2. Compression Mapping

We compress via linear projection:

z_{j, i} = W F_{j, i} + b, W \in ℝ^{d^{'} \times d}, d^{'} < d

Interpretation: this reduces dimension but preserves dominant variance directions.

Error bound (from matrix approximation theory):

{min}_{W} ‖ F - W^{⊤} W F ‖_{F}^{2} = \sum_{k > d^{'}} σ_{k}^{2}

where $σ_{k}$ are singular values of $F$ . So compression error is exactly the “energy” in discarded dimensions.

3. Diversity-Preserving Selection

Selecting top- $k$ fragments is not enough; we need coverage. Define objective:

{max}_{S, | S | = k} \sum_{f \in S} q^{⊤} z_{f} + λ \cdot \log det (Z_{S}^{⊤} Z_{S})

First term = relevance (dot product with query $q$ ).
Second term = diversity via determinant (DPP-style).
$λ$ trades off relevance vs. coverage.

4. Cross-Attention Expansion

After selection, expand full tokens from chosen fragments and feed to LLM with cross-attention:

H = Attention (Q, K, V), Q = W_{Q} q, K = W_{K} Z_{S}, V = W_{V} Z_{S}

This focuses LLM compute on the most relevant token spans.

The ReFrag Pipeline

blog

Complexity Analysis

Standard Full Attention

Cost: $O (n^{2} d)$ for $n$ tokens.
Memory: $O (n^{2})$ .

ReFrag Attention

Compression: $O (C d)$
Scoring: $O (n C d)$
Expansion: $O (k L d)$ , where $L$ = tokens per chunk.

Total cost:

O (n C d + k L d)

Break-even condition:
When $k ≪ C$ , ReFrag yields massive savings.

PyTorch Prototype

import torch
import torch.nn as nn

class FragmentCompressor(nn.Module):
    def __init__(self, d_in=768, d_out=128):
        super().__init__()
        self.linear = nn.Linear(d_in, d_out)
    def forward(self, x):
        return self.linear(x)

class ReFragPipeline(nn.Module):
    def __init__(self, d_in=768, d_out=128, d_model=256, n_heads=4):
        super().__init__()
        self.compressor = FragmentCompressor(d_in, d_out)
        self.cross_att = nn.MultiheadAttention(d_model, n_heads, batch_first=True)
        self.q_proj = nn.Linear(d_in, d_model)
        self.k_proj = nn.Linear(d_out, d_model)
        self.v_proj = nn.Linear(d_out, d_model)

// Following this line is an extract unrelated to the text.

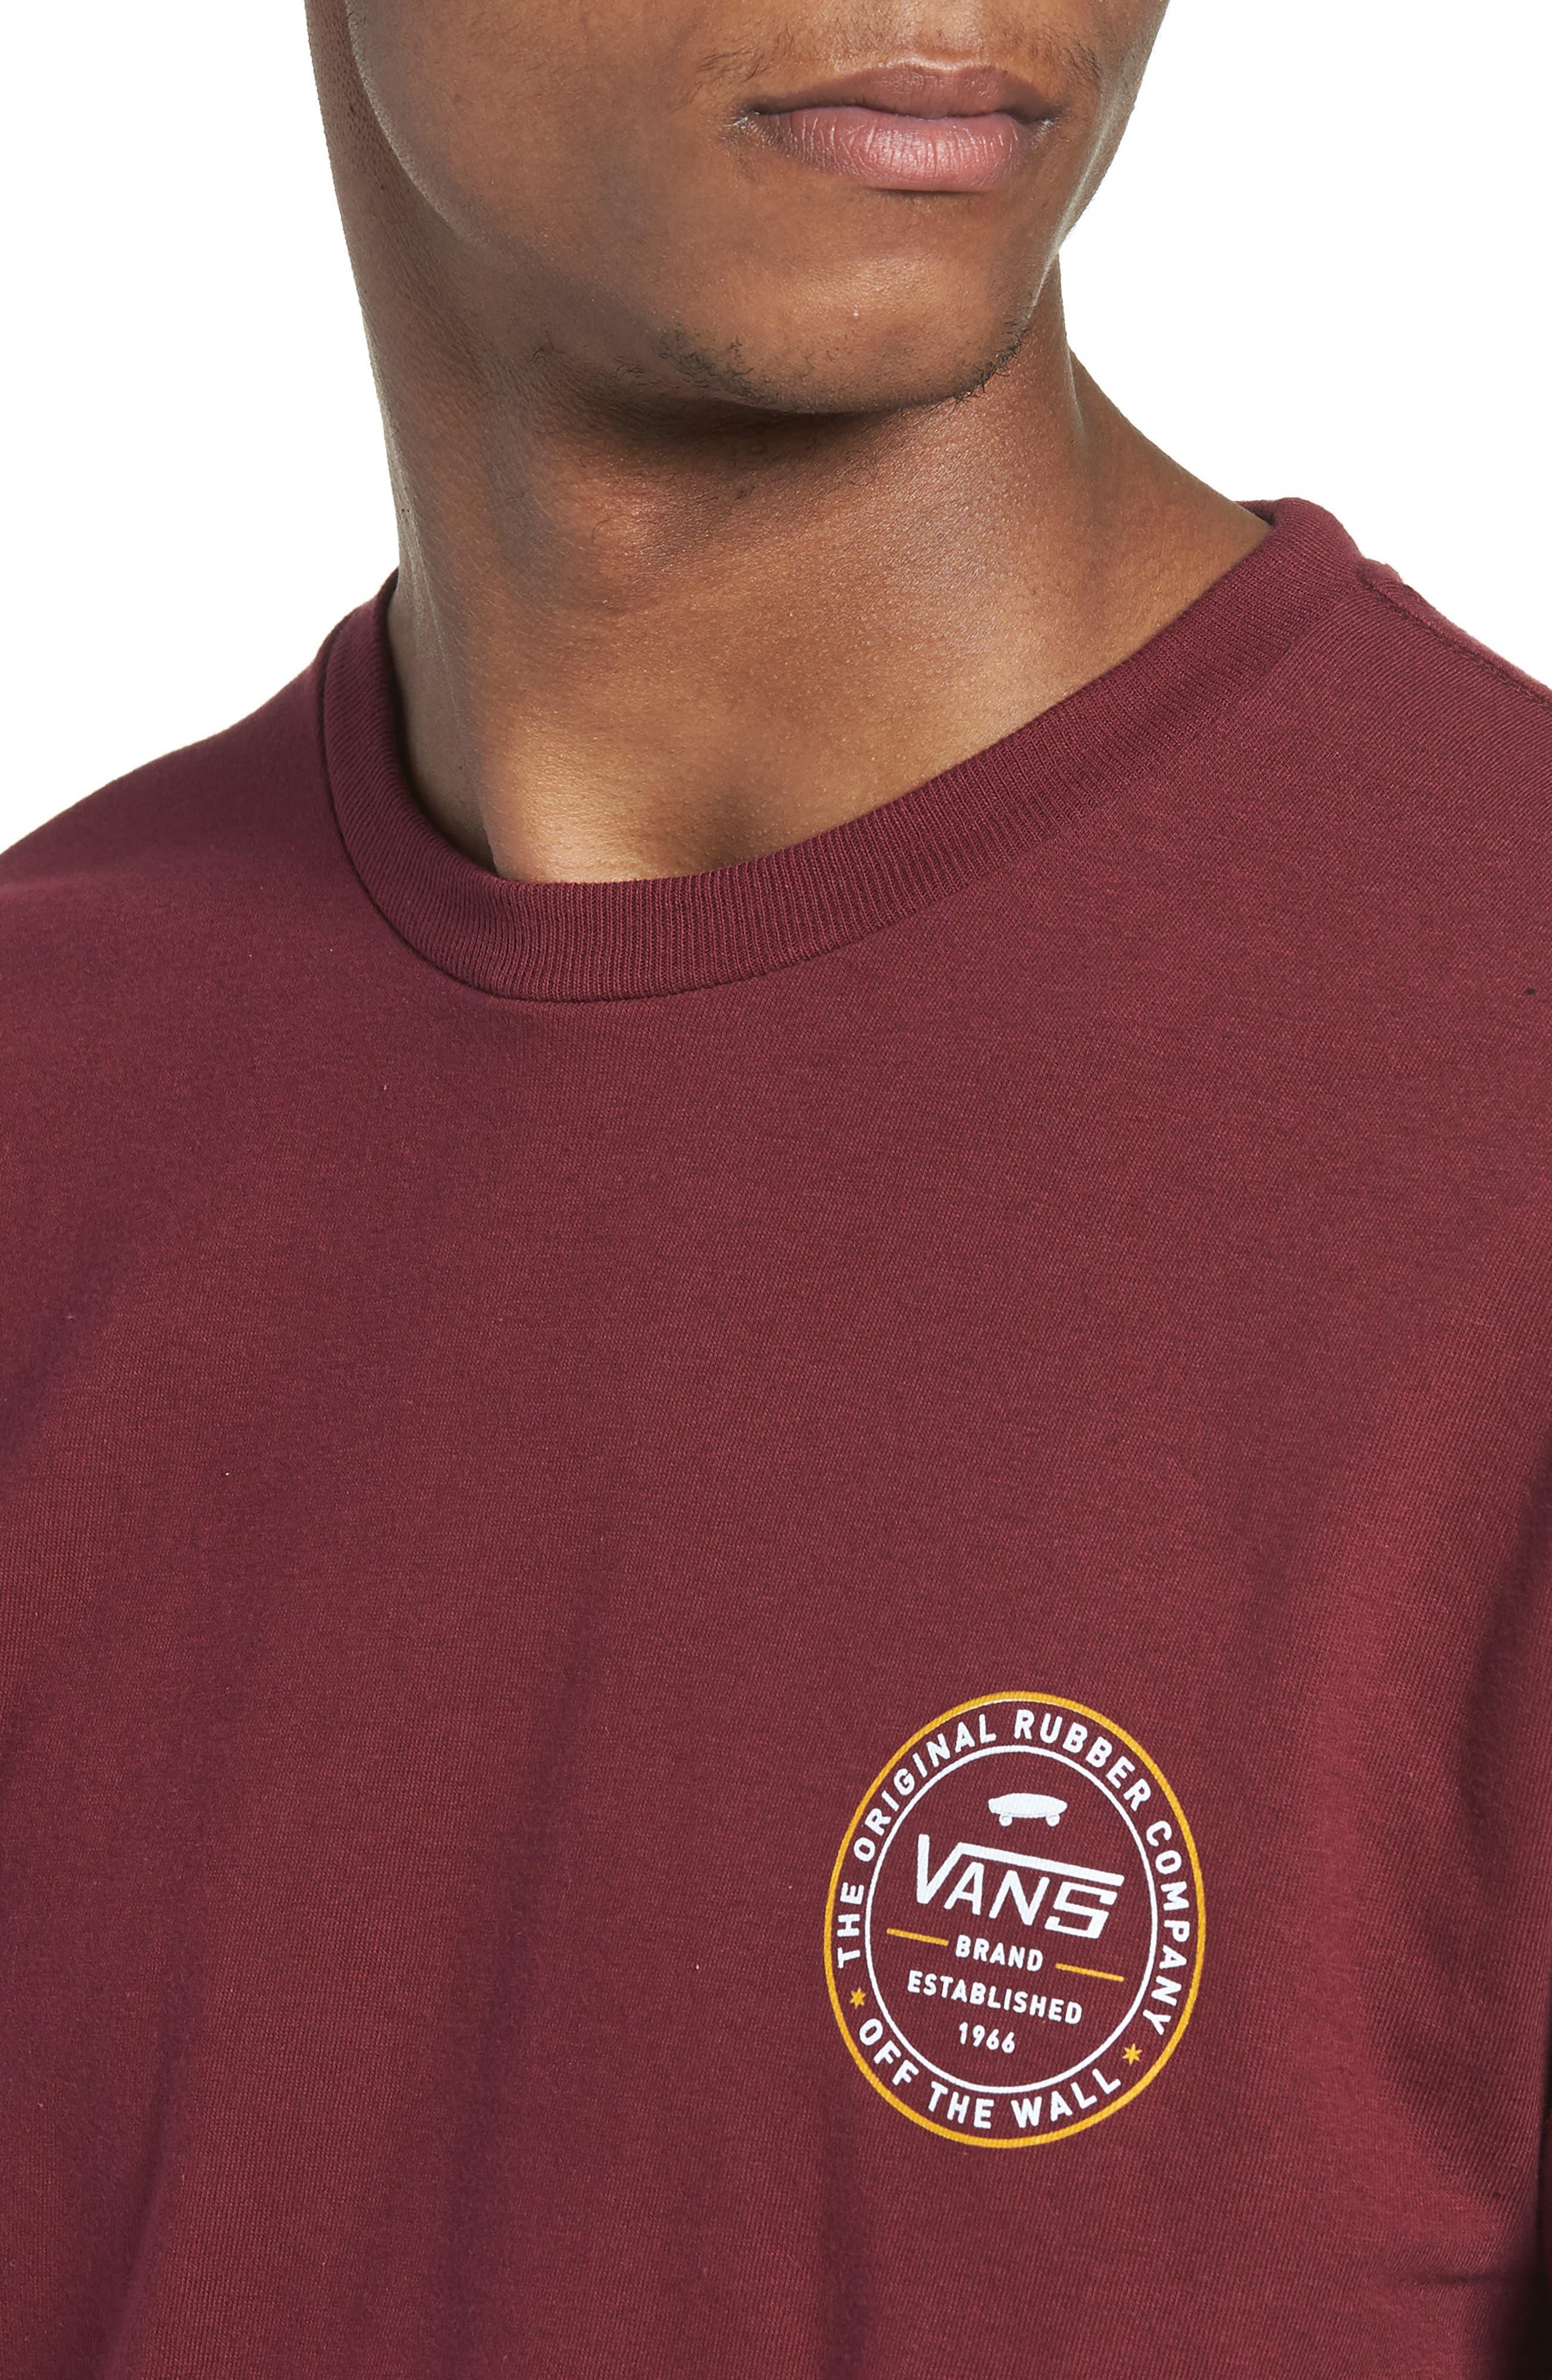 Established '66 Graphic T-Shirt,                             Alternate thumbnail 8, color,

    def forward(self, query, frags, topk=5):
        z = self.compressor(frags)              # Compress
        scores = torch.einsum('bd,bnd->bn', query, z)
        topk_idx = torch.topk(scores, k=topk, dim=1).indices
        batch_idx = torch.arange(frags.size(0)).unsqueeze(-1).expand_as(topk_idx)
        z_sel = z[batch_idx, topk_idx]         # Select top-k

        Q = self.q_proj(query).unsqueeze(1)
        K, V = self.k_proj(z_sel), self.v_proj(z_sel)
        out, _ = self.cross_att(Q, K, V)       # Cross-attend
        return out.squeeze(1)

# toy run
B, N, d_in = 2, 10, 768
frags = torch.randn(B, N, d_in)
query = torch.randn(B, d_in)
model = ReFragPipeline()
final_repr = model(query, frags)
print(final_repr.shape)

Discussion & Open Questions

Fragment granularity: How to best split documents, sliding windows or semantic boundaries?
Compression functions: Linear is simple; could autoencoders yield better trade-offs?
Adaptive budgets: Can expansion $k$ depend dynamically on query difficulty?
Diversity term optimization: Exact determinant is expensive, need efficient surrogates.

Key Takeaway

ReFrag reframes retrieval compression as a fragment-level low-rank approximation with adaptive expansion. By fragmenting, compressing, scoring, and then expanding, it preserves semantic signals at a fraction of the token cost.

In short: it’s not just about making things smaller, it’s about compressing the right fragments.